第三種能力即能夠?qū)?shù)據(jù)分析工作所需的基礎(chǔ)知識有足夠了解并運用自如遮斥。用 Hanks 的話來說,如果不具有相應(yīng)的基礎(chǔ)知識扇丛,以便能夠適時適地提供準(zhǔn)確有效的解決方案,對解決問題是毫無幫助的尉辑。
Being a good data scientist is really about paying attention to all three of those capabilities. You have to pay attention to the data and what it means, understand the problems and know about matching algorithms to those problems, and you have to understand the engineering to come up with solutions.
對于想成為一名優(yōu)秀數(shù)據(jù)科學(xué)家的人帆精,以上三種能力是必不可少的。你需要關(guān)注數(shù)據(jù)及其意義隧魄,理解問題并知曉解決問題的理想算法卓练,還需要了解工程學(xué),這將更有助于你解決問題购啄。
At the same time it doesn't mean there's no room for specialization. Hanks makes the point that it is virtually impossible to be an expert in all three of those areas, not to mention all the sub-divisions of each of them. It is okay to specialize in one of these areas as long as you have an appreciation of all of them. Hanks tells me: "Even if you're primarily an algorithm person or primarily an engineer. If you don't understand the problem you're solving and what your data is, you're going to make bad decisions."
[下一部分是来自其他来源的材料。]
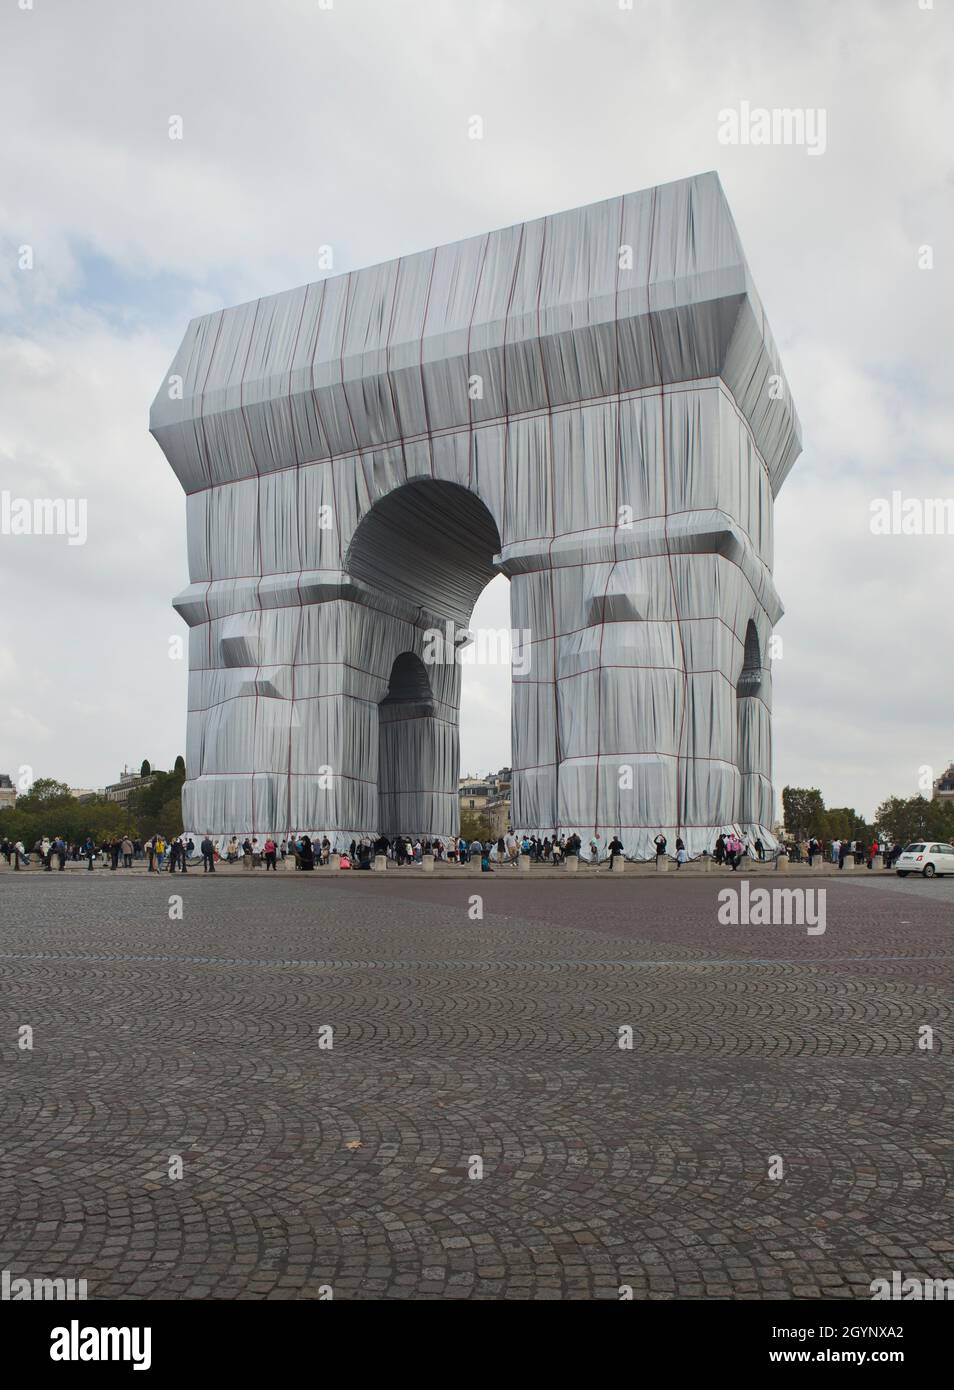 The Arc de Triomphe wrapped in silver-blue fabric fastened with red ropes in the Place Charles de Gaulle in Paris, France. The Arc de Triomphe was wrapped for two weeks being converted to an artwork as it was designed by Christo and Jeanne-Claude in September 2021. Stock Photo
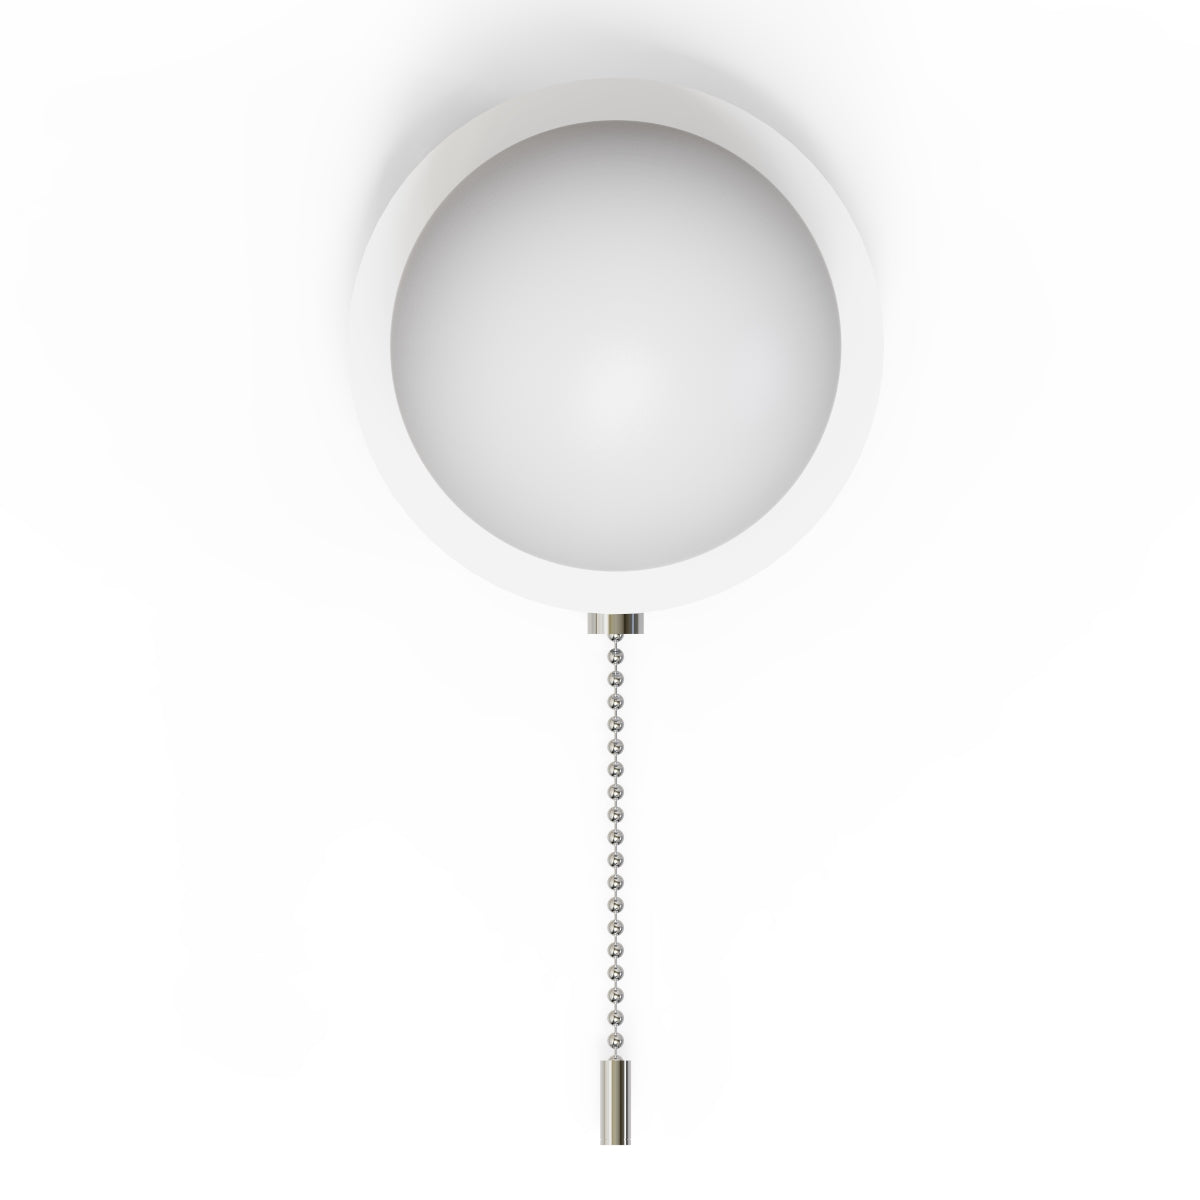  Macie's elegant and stylish finish makes it the ideal addition to any room. It will look perfect in both traditional and modern environments. The beauty of this wall light means you can install it on any wall without the requirement of expensive electrician fees and mains installation.

然而這并不表示沒有專攻某一種能力的可能襟企。Hanks 認(rèn)為,實際上不可能存在精通全部三個領(lǐng)域的專家狮含,更何況這些領(lǐng)域各自又具有若干分支顽悼。而在已對這些領(lǐng)域建立了解的基礎(chǔ)之上,完全可以專門研究其中一個領(lǐng)域几迄。但 Hanks 告訴我蔚龙,即使你以算法研究為主或以工程師作為第一角色,如果沒有理解所解決的問題或是沒搞清楚數(shù)據(jù)的意義映胁,同樣沒辦法勝任數(shù)據(jù)科學(xué)家木羹。
Key qualities of a data scientist
數(shù)據(jù)科學(xué)家的關(guān)鍵品質(zhì)
In terms of personal qualities, a curiosity about data is essential, as well as communications skills, says Hanks. "People on my team spend a lot of time talking to customers to figure out what problems they need to solve, or talking to data vendors to find out what they can provide. So you become a middle man and communication is very important."
就個人品質(zhì)而言,對數(shù)據(jù)的好奇心是必不可少的解孙,溝通技巧也同樣重要坑填。Hanks 說“我的團隊成員會花很長時間與客戶進行溝通抛人,指出他們亟待解決的問題,還會與數(shù)據(jù)供應(yīng)商進行交流脐瑰,以便確定他們能夠提供哪些幫助妖枚。因此,你成了一個中間人蚪黑,可見溝通是非常重要的盅惜。”
Lots of different types of people go into data science, and Hanks explained to me that he was probably not a very typical example. However in my experience there is no such thing. The key capabilities Hanks mentioned cover a broad range of skills and people of different personality types and mind sets are attracted to the profession.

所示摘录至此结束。